Defining the mutual information of parts of speech as formulas (2), (3)
MI3=P(wi-1|si-1)P(si|si-1)P(wi|si)P(si+1|si)P(wi+1|si+1) (2)
MI4=P(wi-1|si-1)P(si1|si-1)P(wi1|si1)P(si2|si1)P(wi2|si2)P(si+1|si2)P(wi+1|si+1) (3)
P(wi|ti) Expressed in the Chinese medical record, the word wiHas a part of speech of siThe word wiThe probability of occurrence; p (t)i|ti-1) The term wiThe previous word wi-1Is a part of speech ofi-1The word wiPart of speech siThe probability of occurrence.
1.4 construction of vectors
In this example, MI1Indicating when the ambiguity field w is combinediThe word frequency mutual information, MI, being formed by "closed" time and context2Indicating when the ambiguity field w is combinediThe word frequency mutual information formed by the word frequency mutual information and the context when the word frequency mutual information is divided.
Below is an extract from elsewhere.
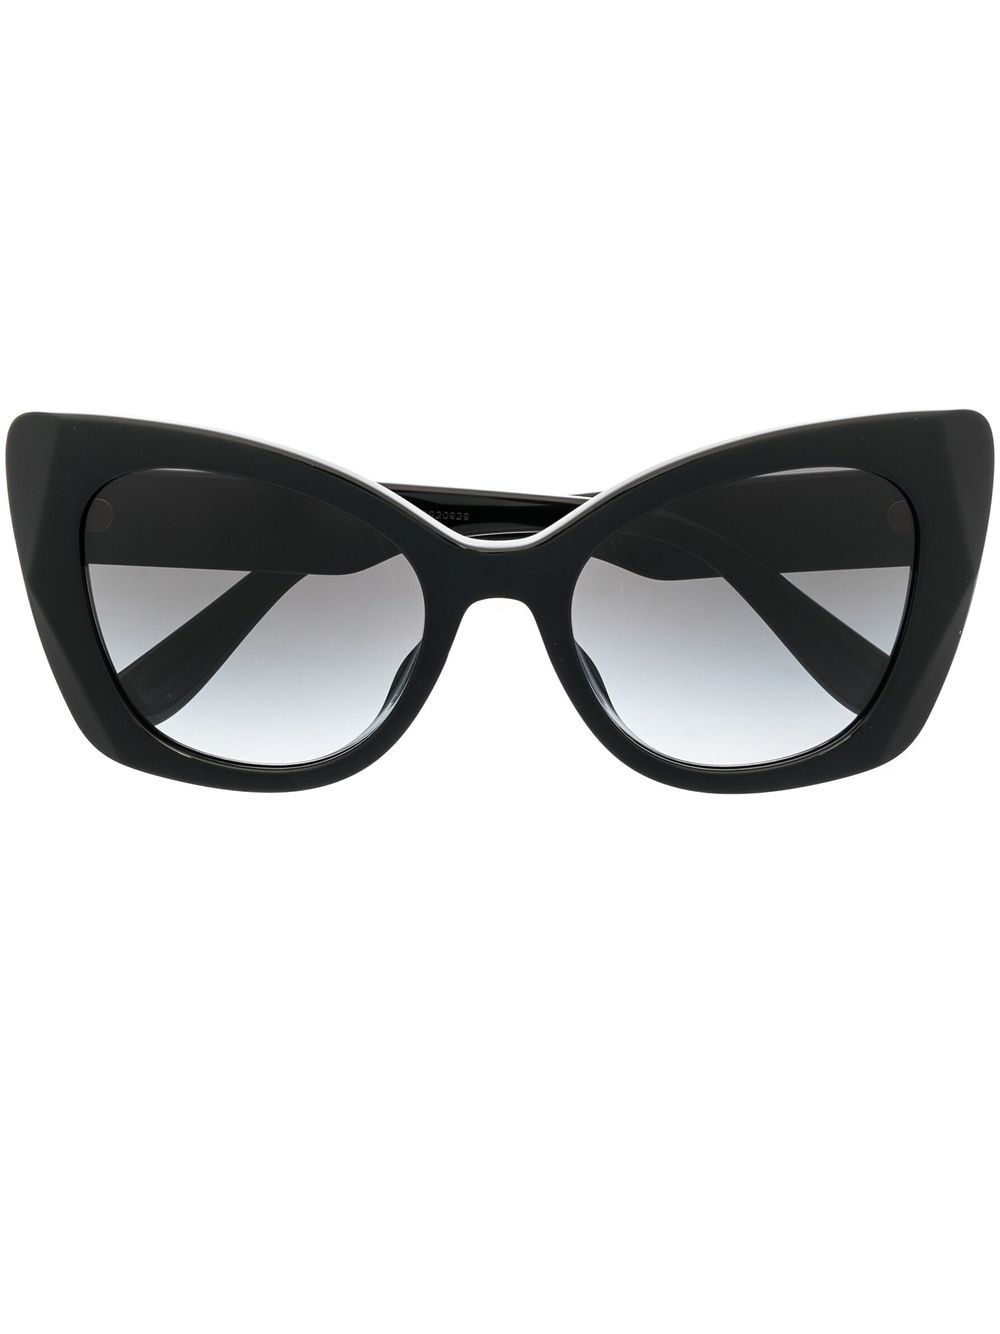 Cat-eye sunglasses Dolce & Gabbana

Mixing MI3Indicating a combinatorial ambiguous field wiMutual part-of-speech information of "closed" and context, MI4Indicating a combinatorial ambiguous field wiThe parts of speech mutual information with the context when the parts are divided. Expressing each ambiguous field as a vector according to the value obtained from the word frequency mutual information and the word property mutual information, and recording the vector as<MI1,MI2,MI1,MI4>。
2 support vector machine model
The Support Vector Machine (Support Vector Machine) SVM is a common Machine learning algorithm, has good classification precision, and is particularly suitable for solving the two classifications. The working principle is to find an optimal super-classification plane, and the plane has the largest distance to two sides while meeting the classification precision. The combined ambiguity in the traditional Chinese medicine case has two ambiguity conditions of 'close' and 'divide', the two forms of 'close' and 'divide' of the combined ambiguity can be regarded as two types, and the two-classification problem of the combined ambiguity is solved by using a support vector machine.
The basic idea of the SVM algorithm is as follows: present in the dataset used (x)1,y1),…,(xi,yi),…,(xn,yn),i=1,2,…,n,xi∈Rd,yiE { -1, +1 }. The separable hyperplane given by the SVM is as follows:
wTx+b=0
the support vector function is defined as:
wTx+b=±1
decision hyperplane of SVM:
g(x)=sgn(w*x+b*)
when the sample x to be classified is tested, the classification of x can be determined by calculating g (x), and the output of the function value is the result of the classification.
Respectively calculating MI of the combinatory ambiguity field according to formulas (1), (2) and (3)1,MI2,MI3,MI4To obtain a vector<MI1,MI2,MI1,MI4>Substituting the obtained vector into a classification function g (x), and if the obtained calculation result is equal to 1, the ambiguous field is in a 'resultant' form; if the resulting calculation is equal to-1, then the ambiguous field is in "score" form.
3 disambiguation model construction
3.1 definition, construction, acquisition of Combined thesaurus
(1) Combinatorial ambiguity definition
Definition of combinatory ambiguity fields herein:
combinatorial ambiguity field: assume a field AB, consisting of a and B fields, and A, B, AB can both be words. There is a sentence W in the chinese text, where A, B holds both grammatical and semantic.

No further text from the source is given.